There are two things you can do with programmatic advertising: you can be more efficient or more effective.
For example, if you want to be more effective, consider Nike. They want to find people who are aged 16 to 35 who like basketball and live in London. They have to think smarter to actually find those people. The more efficient model is to just spend a bunch of money quicker and cheaper than I’m doing now, and unfortunately many agencies for the efficient model. It is important to have programmatic advertising to handle the scale that’s out there, and finding ways of doing that smartly.
Though those other models have popped up, such as subscriptions, they are not a sustainable model for many people, especially when you come into difficult times like we have in 2020; people may not have extra money to spend on subscriptions. In a study by Zuora, a cloud-based software, it was shown that 22.5% of companies are seeing their subscription growth rate accelerate, while 53.3% saw a limited impact.
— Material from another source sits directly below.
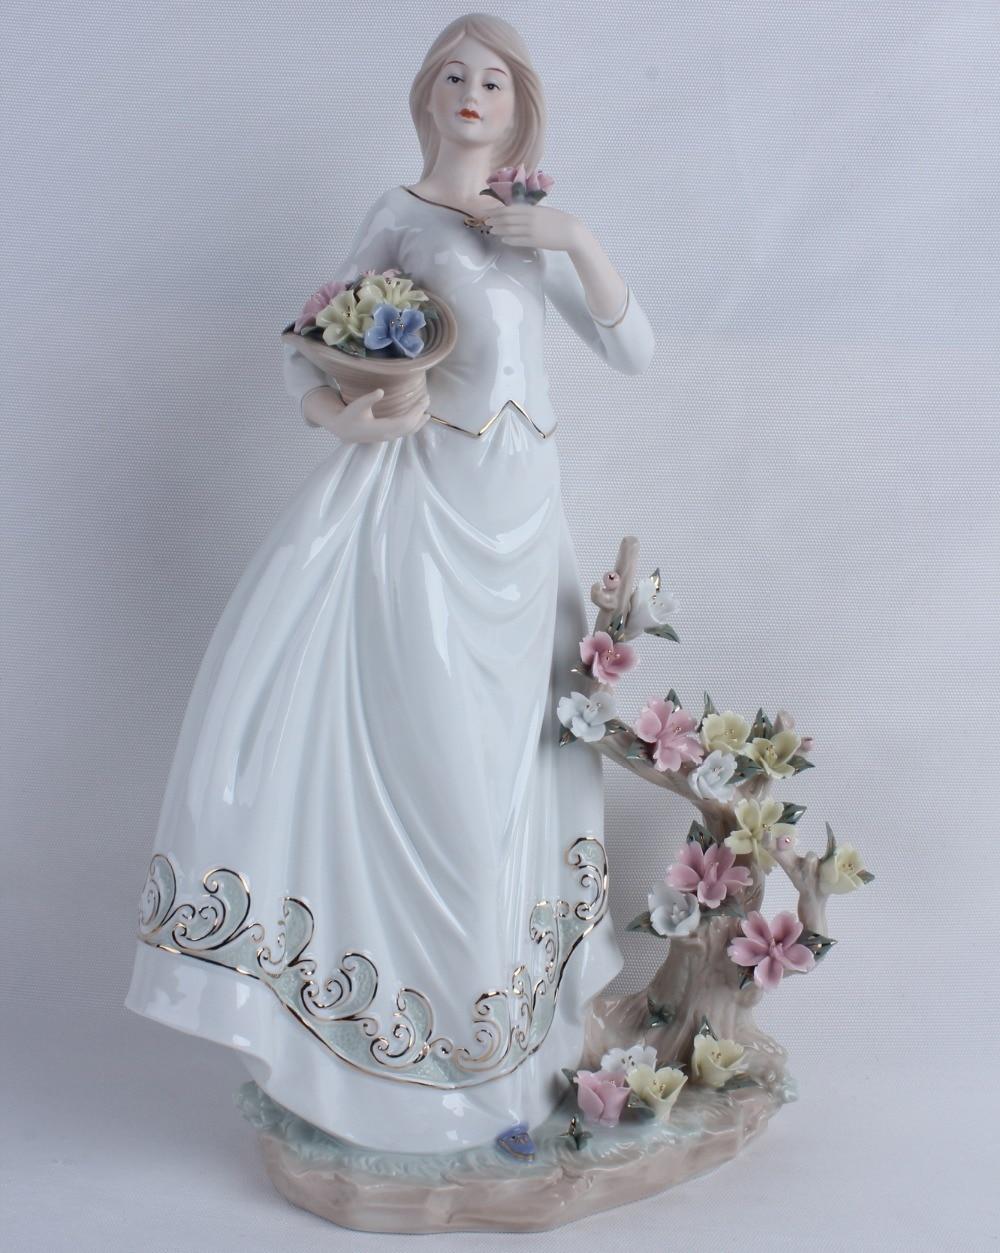 Vintage Porcelain Flower Picking Girl Miniature Statuette Handmade Ceramics Belle Figurine Decoration Craft Present Ornament

There is a way that publishers can enhance their advertising, however, and that is having registered users. This is a way to collect more data on them that publishers aren’t going to break privacy with and significantly adds to publishers’ first-party data.
Bundle & Unbundle
Publishers can have registered users or logged-in users and then use that data to manage the privacy themselves and use that connection to their audience to continue to market them, to bring them back, and creating great content. With this, publishers have the opportunity to take back control of a lot of the intricacies of digital publishing.
Publishers are becoming more aware and curious about their ad inventory and cookies and wondering how much they understand and control. They may not want to outsource, or bundle, as much as they have in the past because they want to retain that control.
However, this may be hampered by publishers’ previous need to reduce their teams in the last couple of years, keeping the creative journalists but letting go of the more commercial people. This has then led to outsourcing. Now, many publishers don’t have the know-how or resources to take advantage of this. Taking back control of these bundles is trending, but probably not as hard as some think.
Part of this control is setting parameters with certain advertisers to control the quality of your advertisements. Returning to the Condé Nast example, you may strike a deal with them or another big publisher, but you will do it in an intelligent and selective manner. Part of taking back control is setting these parameters and not just appearing on any website. Taking back control is smart for agencies, it’s smart for publishers, and for advertisers as well.
It’s an imperfect market but it’s a lot better than before. We have digital and the ability to target people the way we can now. We’ve got much more certainty now and should be proud of the progress we’re making.